1. ans: 1/3; PV = nRT = constant, so P = const / V.

2. ans: 610 K; rearrange PV = nRT to T = PV/nR.

3. ans: 56; mass in grams = number of moles times molecular (or atomic) mass.

4. ans: 3.2 x10²⁴; = number of moles (=300/56) times N_A.

5. ans: 335 m/s; = sqrt[3RT /.071]. The .071 is the molar mass in kg (remember to have consistent SI units).

6. ans: 4.48 ATM; the pressure changes by the ratio of temperatures (in K) 523/283.

7. ans: 3.3 x10¹²; (10^-7/760 = no. ATMs pressure)*(1 liter) /RT = no. moles, * N_A.

8. ans: 310 K; = 37+273.

9. ans: 1200 moles; PV = nRT = 4 x10⁷ is a constant.
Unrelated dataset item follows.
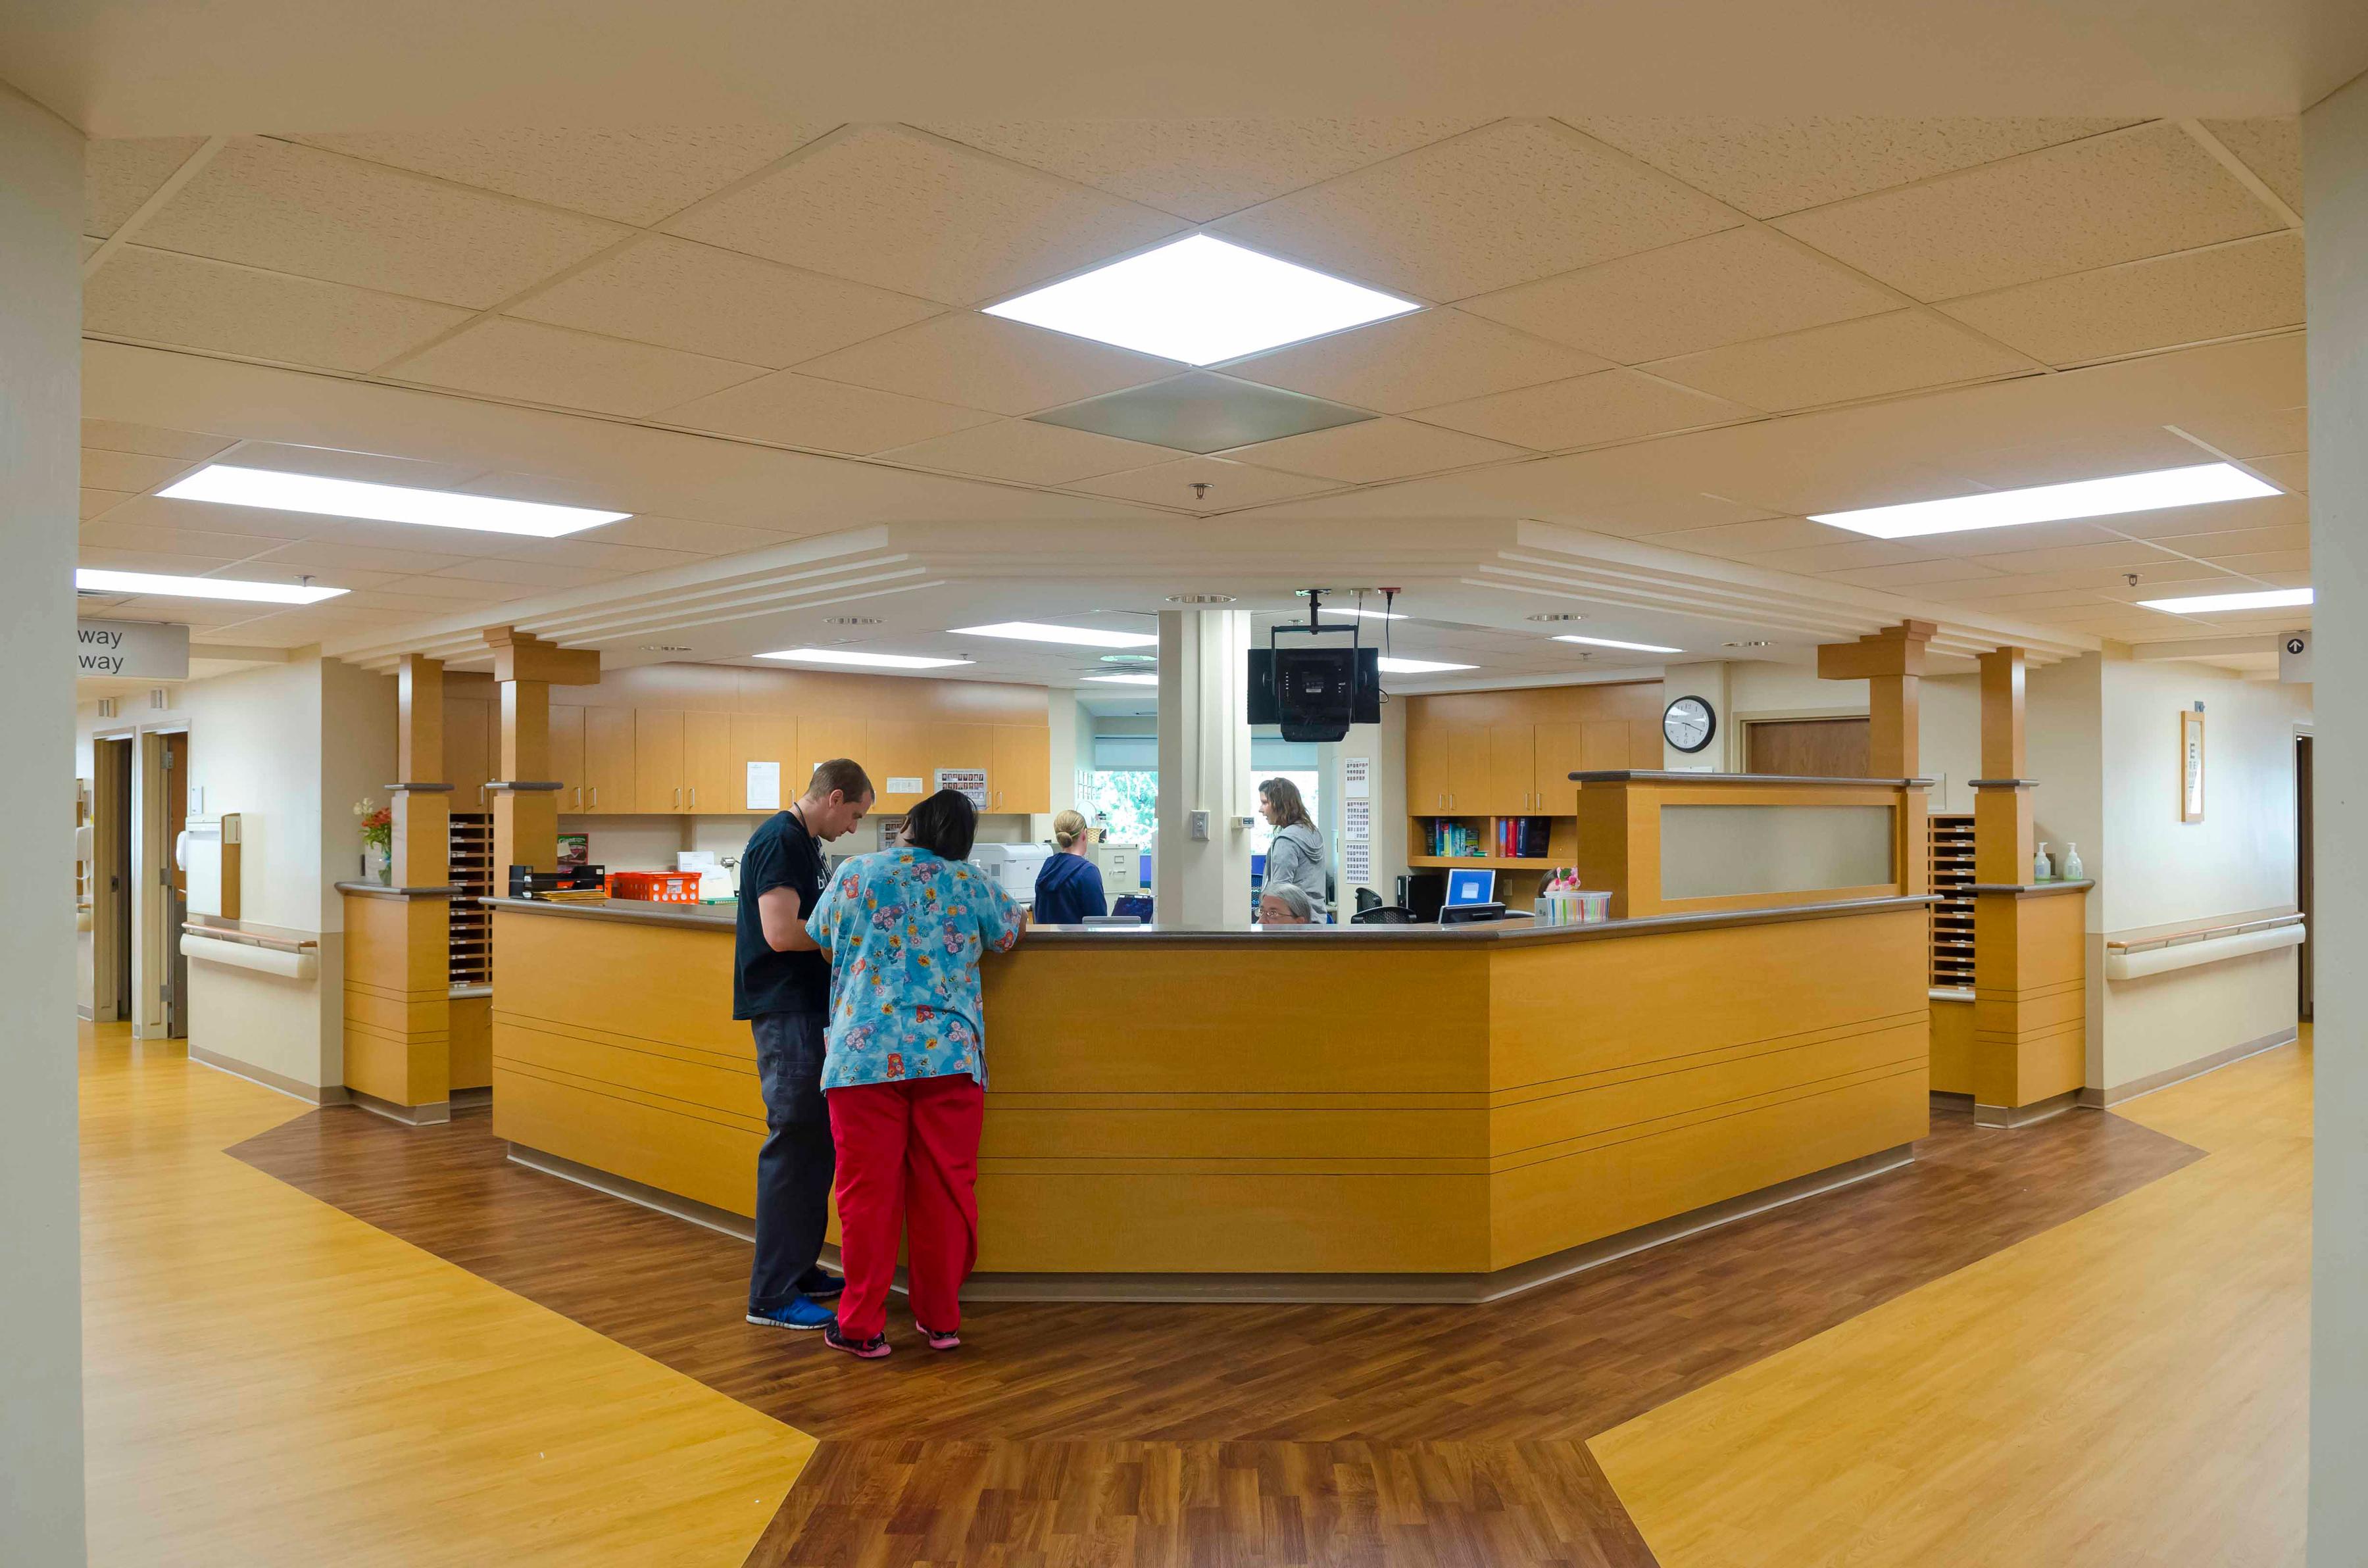 Broadlawns Medical Center 1801 Hickman Rd Des Moines Ia 50314 Yp Com

Solve for n at both temperatures (in K): n=17623,16420. The difference is the answer (rounded to an appropriate number of significant figures).

10. ans: 200 øC; total mass of air inside balloon plus cargo mass (rho_hot*V + 200) must equal displaced mass rho_cold*V. Solve for rho_hot =0.75 kg/m³. Then, T_hot = T_cold *(rho_cold/rho_hot).

11. ans: 1.4 cm; the volume expansion factor is P_deep/P_surface = (rho_water*gh + 1 ATM)/(1 ATM) (all in SI units) =2.8. The diameter expansion factor is the cube root of the volume expansion.